As the UK heads into the annual review season, over half (53%) of employers report a noticeable increase in wage costs over the past year.

According to findings from HR solutions provider SD Worx, 44 percent of employers see upward wage pressure as their biggest payroll concern, highlighting significant challenges across the UK workforce. These findings follow recent data from the Office for National Statistics (ONS) indicating that total UK wage growth had slowed to 4.9 percent in the three months to August.

The study also suggests that employers are struggling with maintaining financial transparency and promoting financial wellbeing. Thirty-two percent of businesses find it difficult to support employee financial wellness, while 42 percent report challenges in managing pay transparency.

Shared Financial Pressures

The escalating wage pressure reflects a shared financial strain, with employers battling higher payroll costs to attract and retain talent, and employees facing mounting living expenses. Research from SD Worx, released in September, found that salary remains the primary factor driving employee dissatisfaction. Less than half (47 percent) of UK employees are satisfied with their pay, with only 49 percent feeling their salary is competitive and just 52 percent viewing their pay as fair relative to colleagues at a similar level.

This disconnect suggests that while employers are aware of financial pressures, the gap between employee needs and what organisations can afford remains wide. Employers are increasingly challenged to balance realistic compensation packages with the need to provide adequate support for their workforce’s cost-of-living demands.

Laura Miller, UK People Country Leader at SD Worx said, “The research highlights the very real impact that financial strain is having on businesses. However, the strain is shared by employees who too often feel poorly informed, ignored or just not in control of their own pay and benefits package.

“However, it’s a positive sign that employers have read these signals and are making active inroads to improving their communications about pay. This is vital to take a more transparent, empathetic approach that is able to reach across an entire company.

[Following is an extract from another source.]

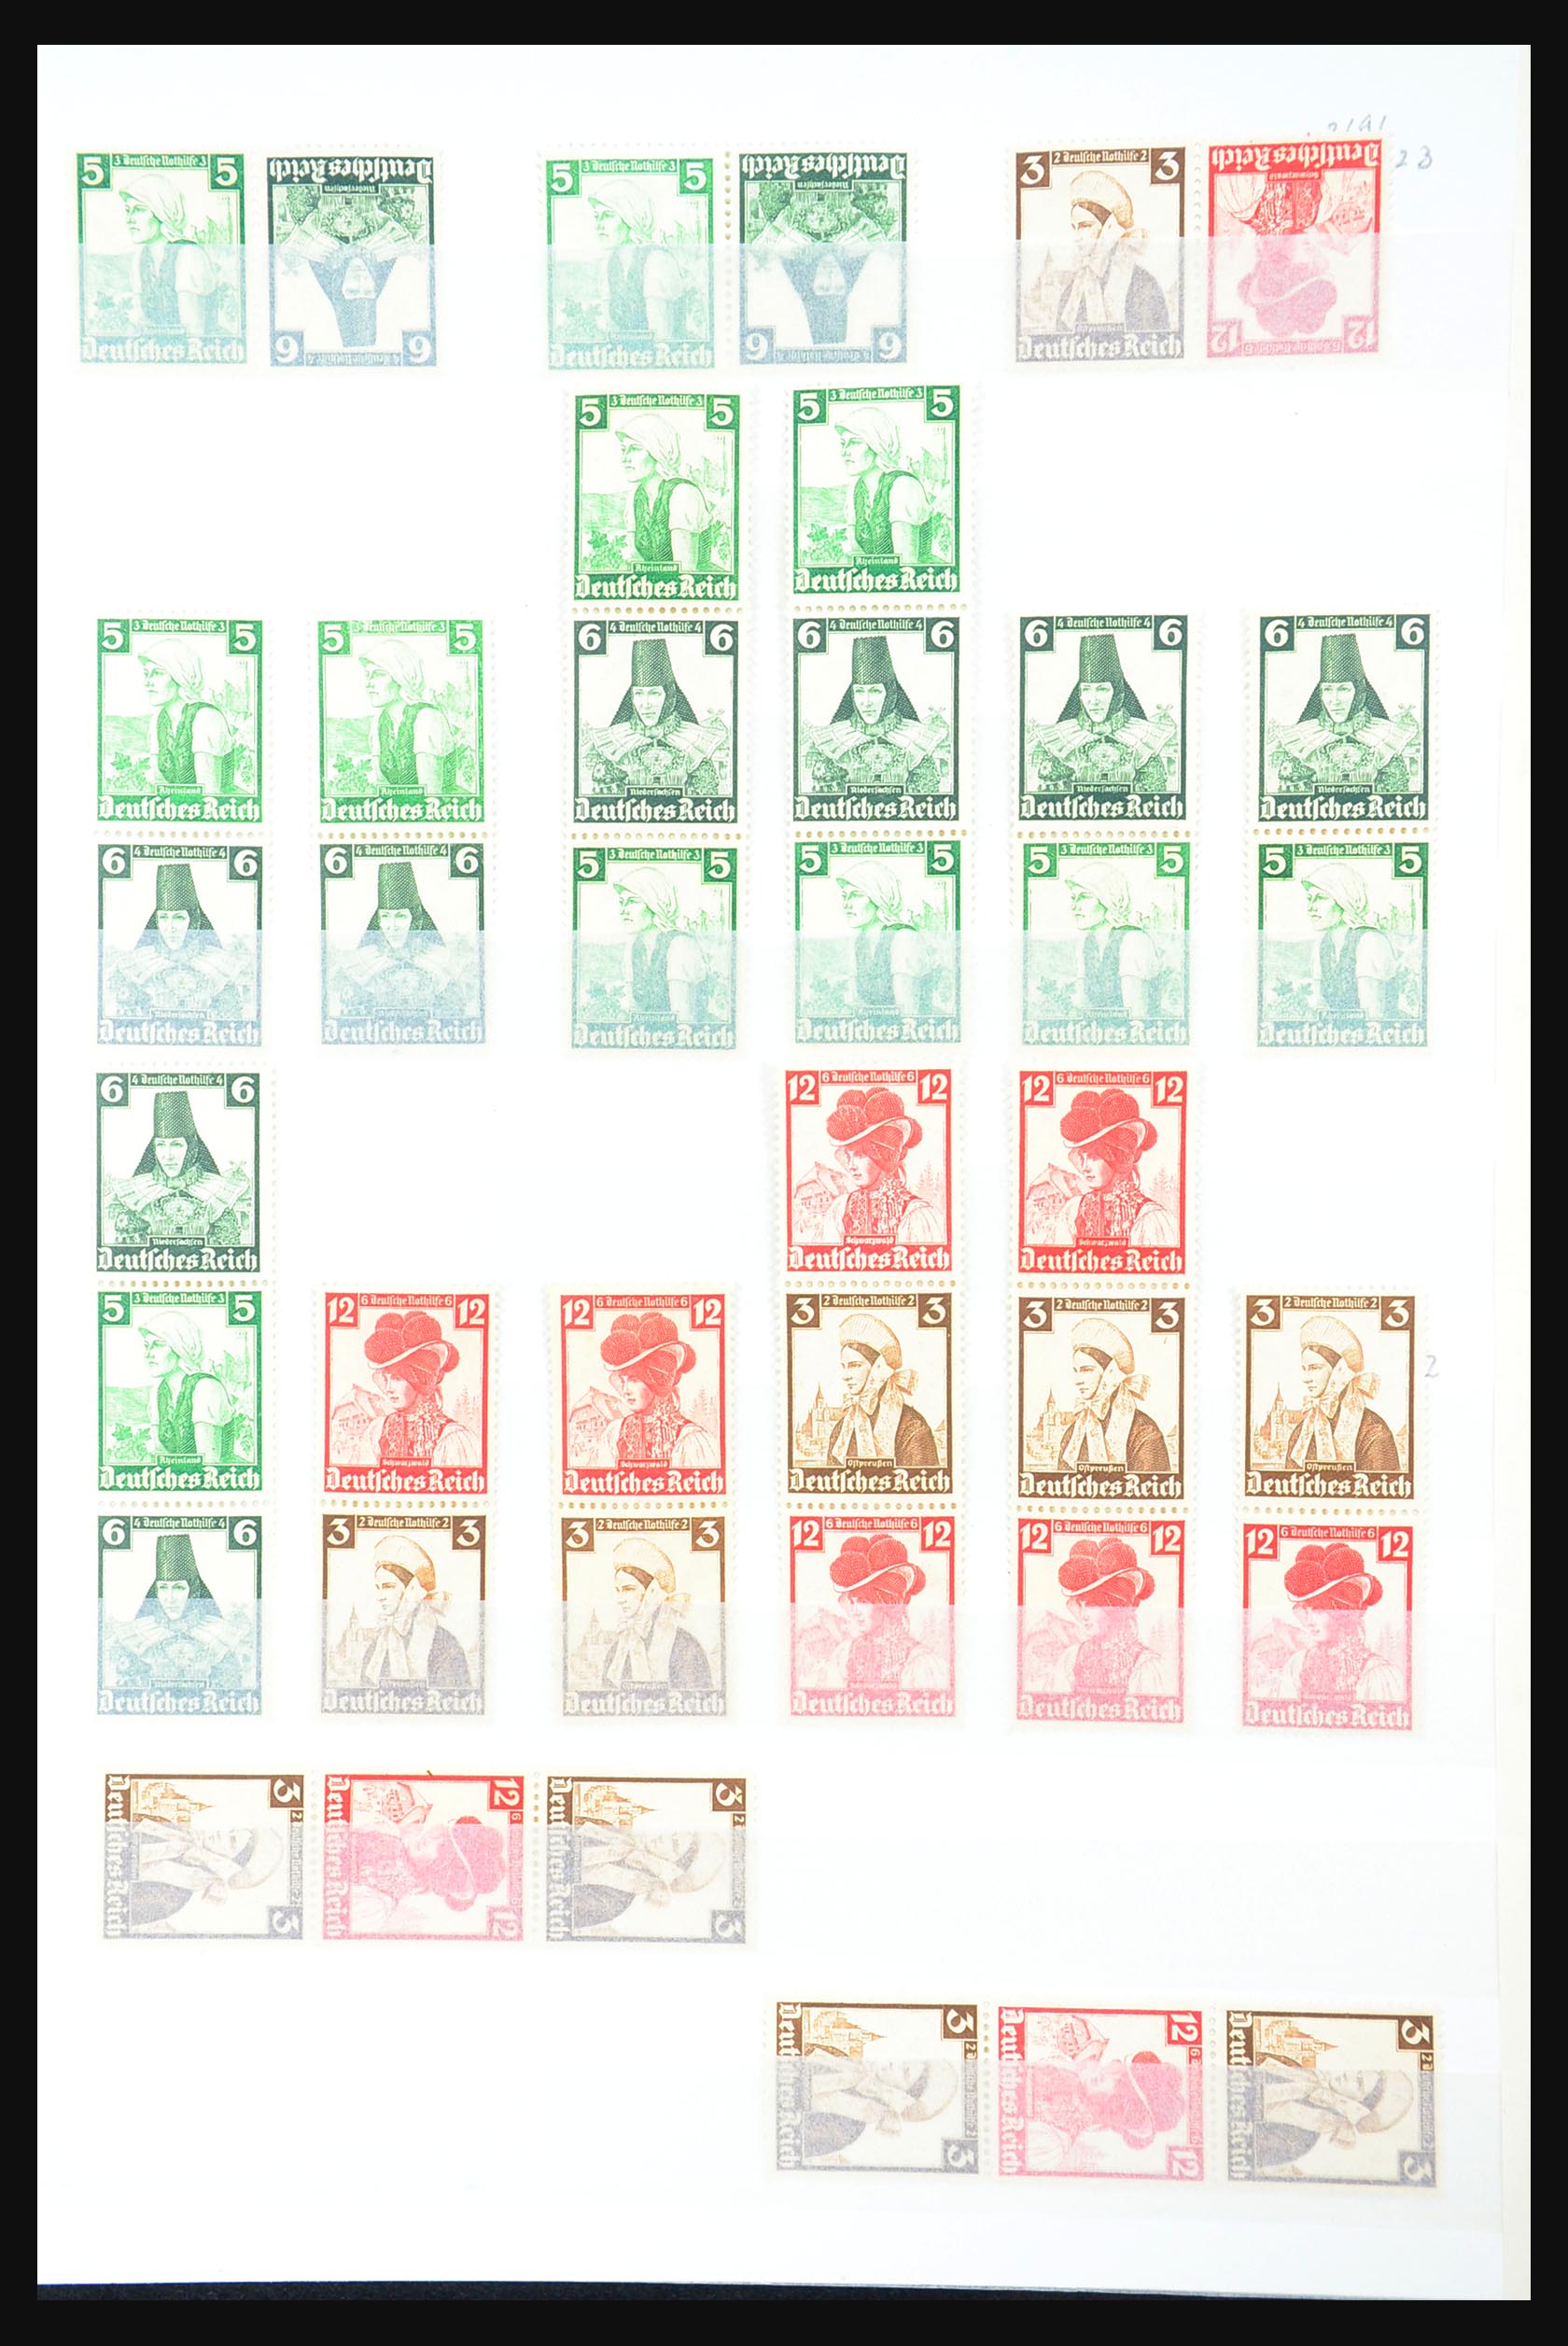 31391 025 - 31391 Duitse Rijk combinaties postfris 1913-1941.

It should be stressed that these efforts must be strategic, personalised to individuals as far as possible and above all else consistent.”

Communication Challenges

A growing communications gap around pay packages is contributing to employee dissatisfaction and disengagement. While some employers are attempting to bridge this gap through one-on-one conversations (32%) and internal communications (22%), these efforts appear to fall short, with many employees feeling uninformed. According to the SD Worx survey, only 50 percent of employees say they receive enough information about their pay, and just 25 percent report having the flexibility to tailor their rewards packages to fit personal needs.

However, there is a move among employers to address this gap. Nearly two-thirds (65.7%) of businesses are increasing their investment in rewards communications in the short term, with 38 percent of these making it a priority for long-term improvement.

“A good mix of financial and non-financial benefits really helps boost employee satisfaction and well-being. However, even the best perks mean nothing if employees feel in the dark about their value or feel that they’re not in tune with their interests or career goals,” Miller added. “That’s why employers must align benefits with what employees find important and give them a voice in the decision-making process. This ultimately builds trust, understanding and an appetite to stay with the company in the long-term.”